Эти четыре года она прожила так, как будто у нее были и настоящий дом, и собственная семья. Мойра помылась подогревшейся водой и присела у огня, борясь с болезненно-приятным настроением, в которое ее повергли воспоминания. Настоящий дом. Надежное укрытие от внешнего мира. Ни того, ни другого у нее не было начиная с четырнадцатилетнего возраста. Ребенок, которого нужно любить и о котором нужно заботиться. Точка отсчета стабильности и теплоты в безразличном, суровом мире.
Размышления тяжким грузом легли на душу, усиливая одиночество, которое ей столь часто приходилось испытывать в жизни, что оно стало предсказуемым. После смерти Эдит наступили времена еще более тяжелые. А когда умерла Клер, она вообще не знала, как жить дальше.
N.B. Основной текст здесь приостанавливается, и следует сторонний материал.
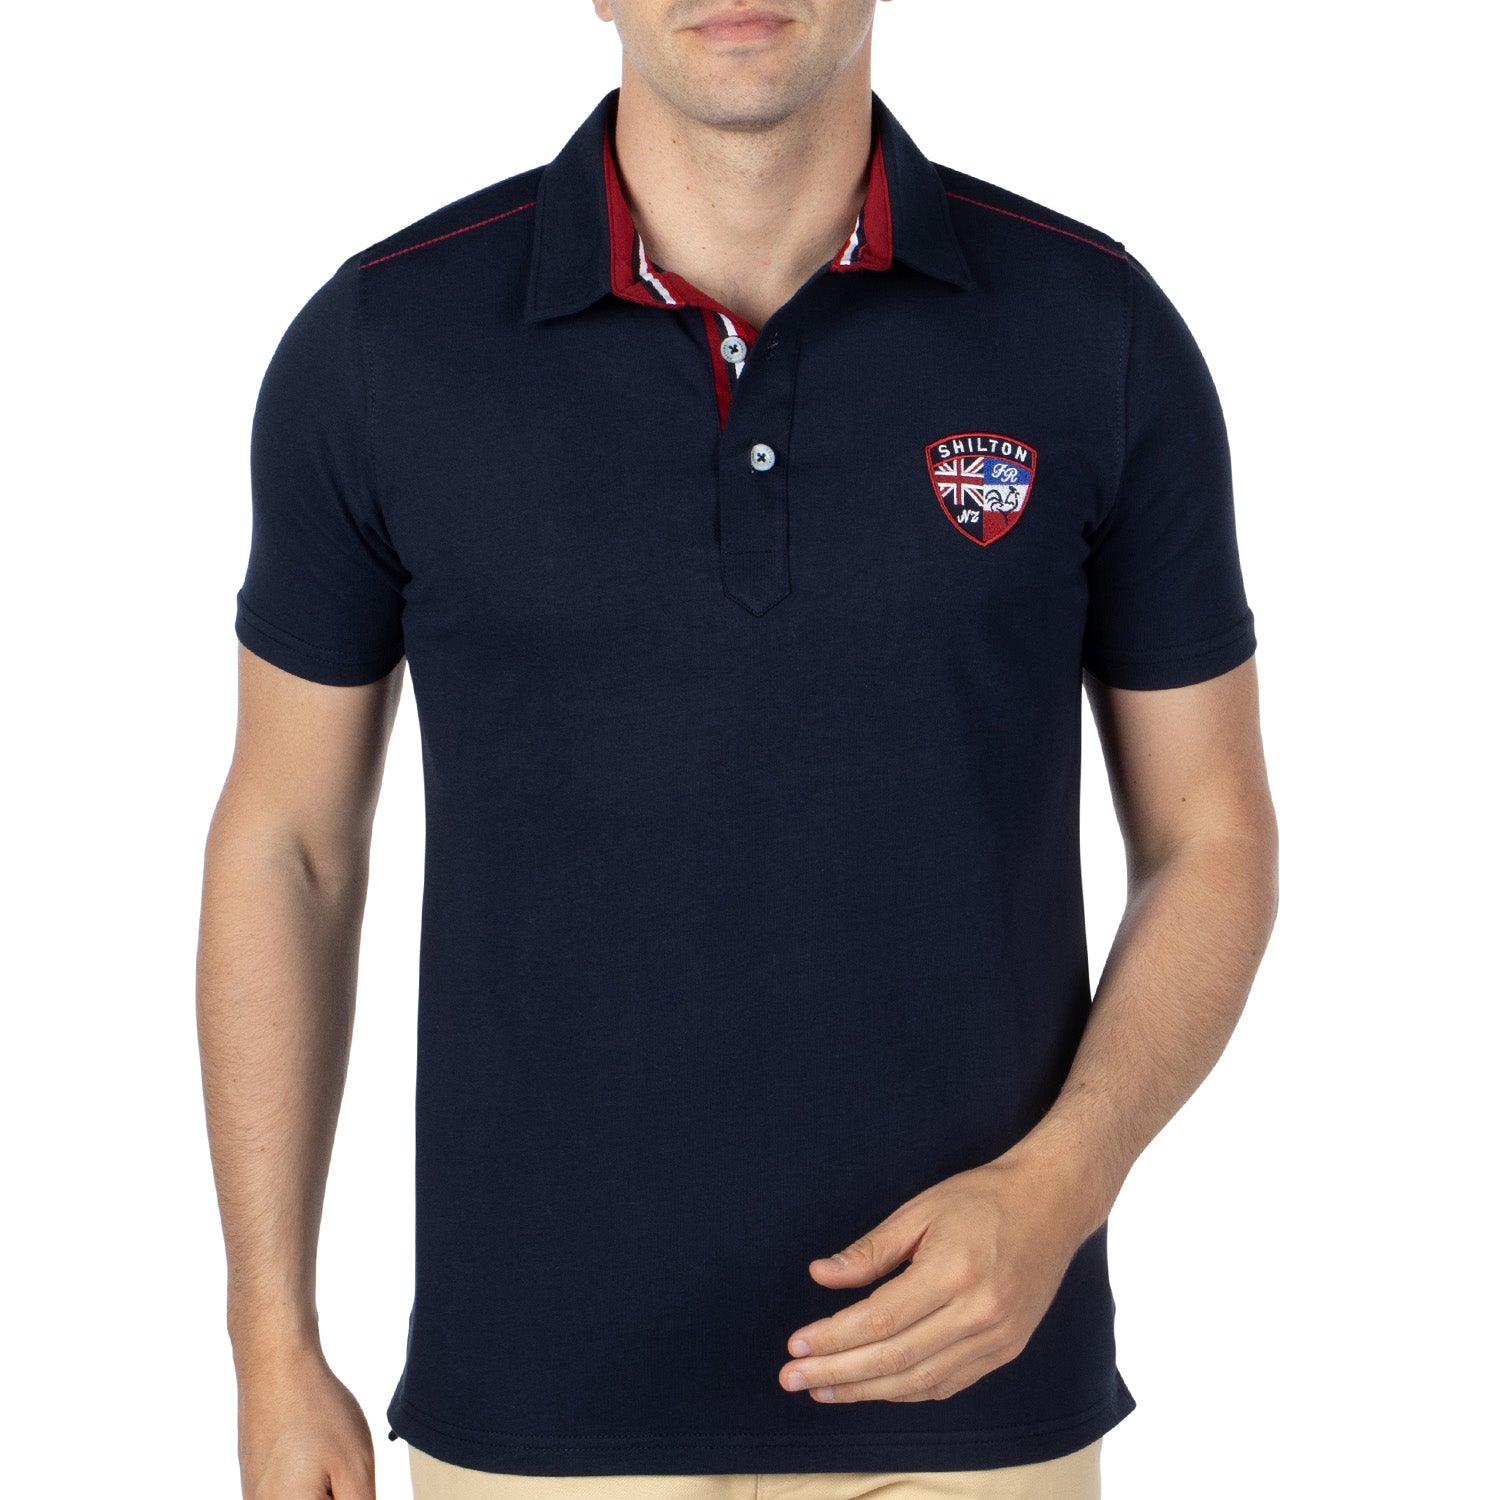 Polo rugby legend Navy - Shilton

Не найдя успокоения в коротком браке, она вдруг обрела четырехлетний покой, ухаживая за чужим ребенком.
Ей вновь захотелось вернуться в то безмятежное состояние. Ей необходимо было чувствовать и знать, что в ее жизни есть какая-то ось, ей требовалась твердая почва под ногами, цель, которая что-то значила, и еще небольшой мир, который принадлежал бы только ей и никому другому. Она хотела быть не Тенью, а — по крайней мере, для нескольких человек, для своей семьи, — источником света.
От размышлений Мойре стало совсем грустно, и она попыталась стряхнуть унылое настроение. Когда же у нее ничего не получилось, она вышла из дома, надеясь таким образом избавиться от его странных чар. Небольшой дом располагался на самой окраине деревни, совсем рядом начинались поля, и в дальнем конце двора она увидела открытое строение с высоким навесом, под которым наверняка хранилось сено. Мойра зашагала через небольшой аккуратный садик к навесу.
Прохладный ветер донес до нее сладковатый запах сена. Она устроила себе нечто вроде ложа и улеглась на пружинистую сухую траву. Над ней красовалась половинка луны, и мириады сверкающих звезд рассыпались по темному бархату неба.
Она принялась считать яркие отметины, и в сознании замелькали воспоминания о далеком и близком прошлом. Душа ее распахнулась, освобожденная от каких бы то ни было запретов… Все и вся перестало существовать, остались лишь небольшой стожок сена и бескрайний простор неба, позволяющий мыслям свободно бродить во времени и пространстве.